■ TRY IT:
Given the entries below, would you transcribe exactly the lines starting at the one with "G.Skill Trident Z" and ending at the one with "Fruit salad earrings", both kept, pictures omitted, nothing extra?

■ RECORDS FOR PROCESSING:
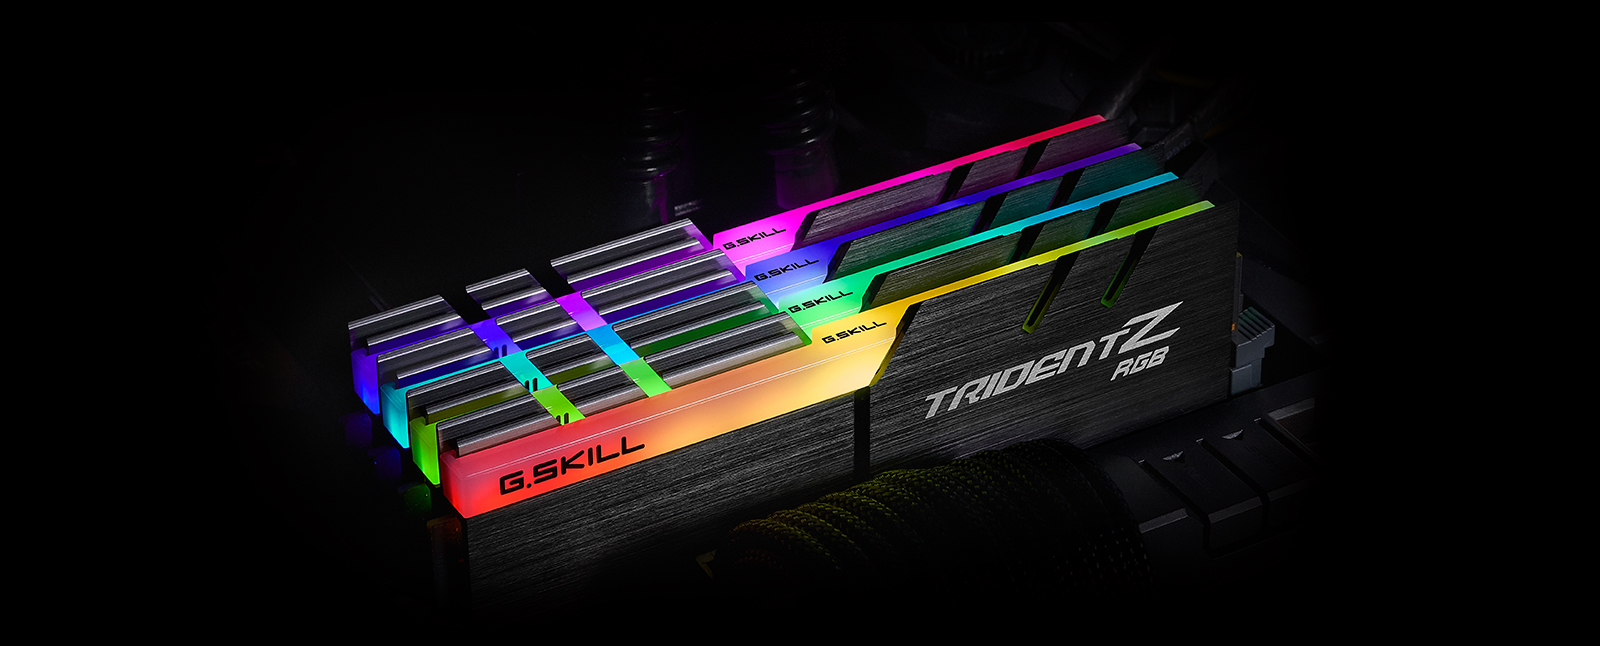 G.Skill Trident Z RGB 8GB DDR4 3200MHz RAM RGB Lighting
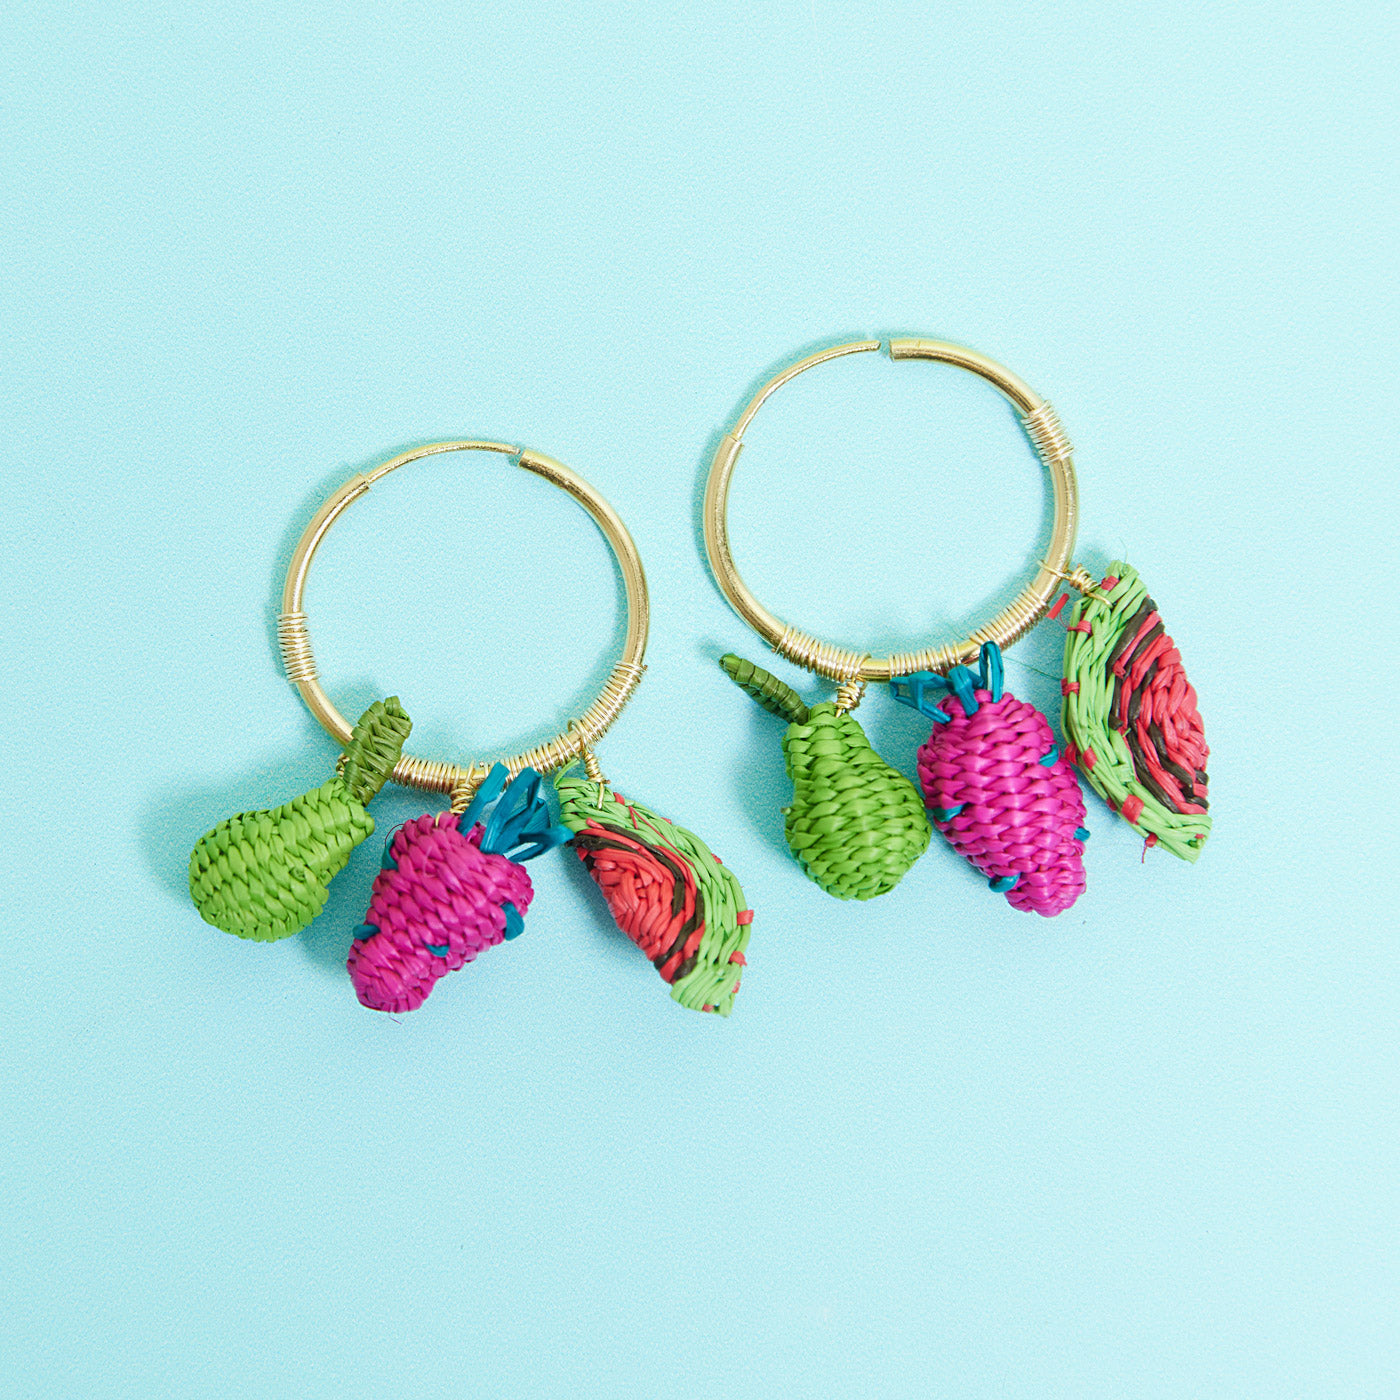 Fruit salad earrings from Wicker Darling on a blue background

--

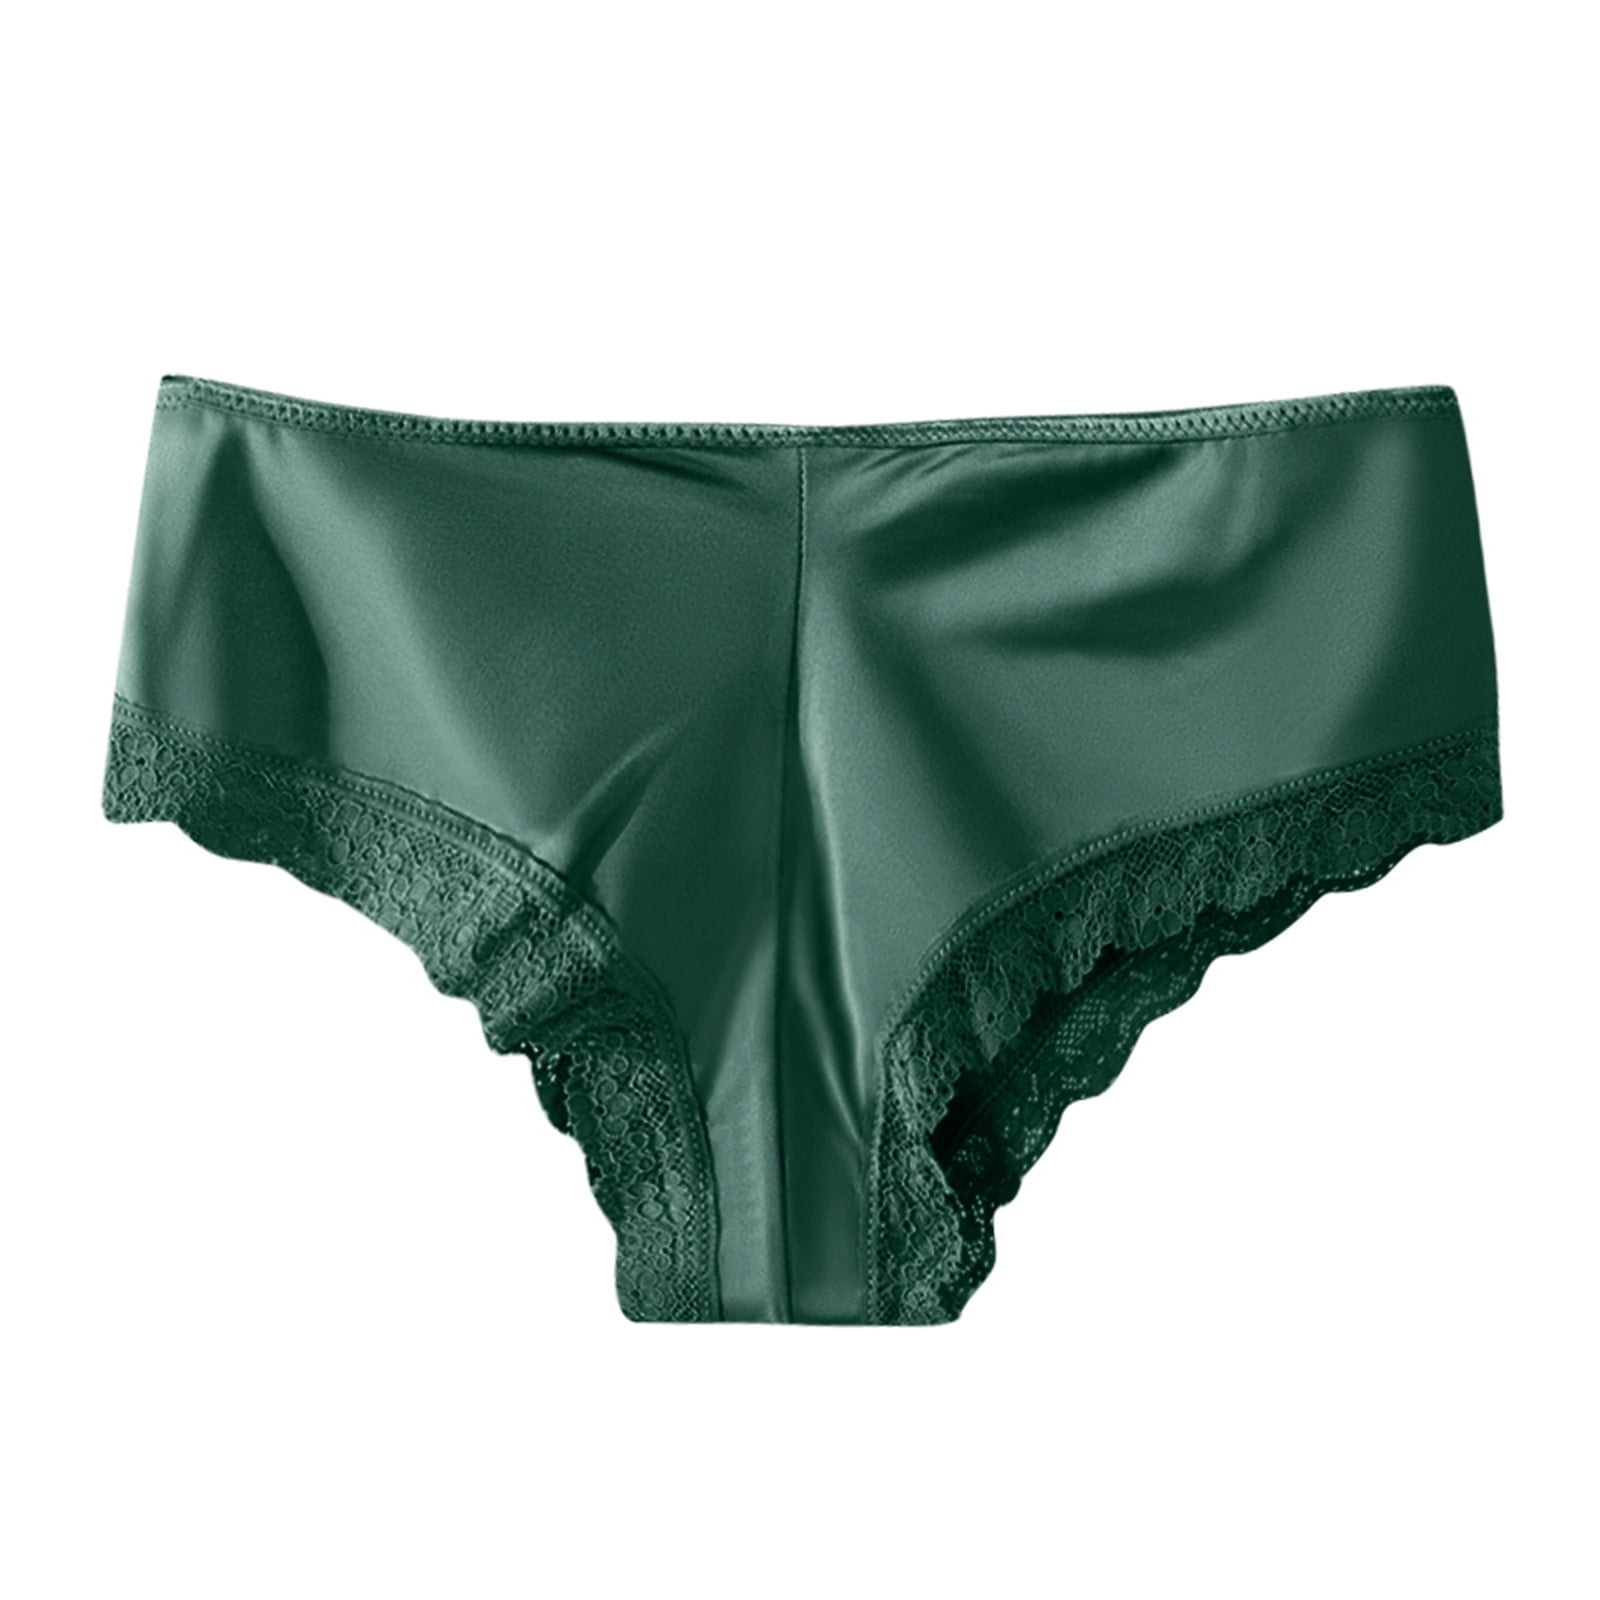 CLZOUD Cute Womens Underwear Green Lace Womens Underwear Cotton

■ RESPONSE:
 G.Skill Trident Z RGB 8GB DDR4 3200MHz RAM RGB Lighting
 Fruit salad earrings from Wicker Darling on a blue background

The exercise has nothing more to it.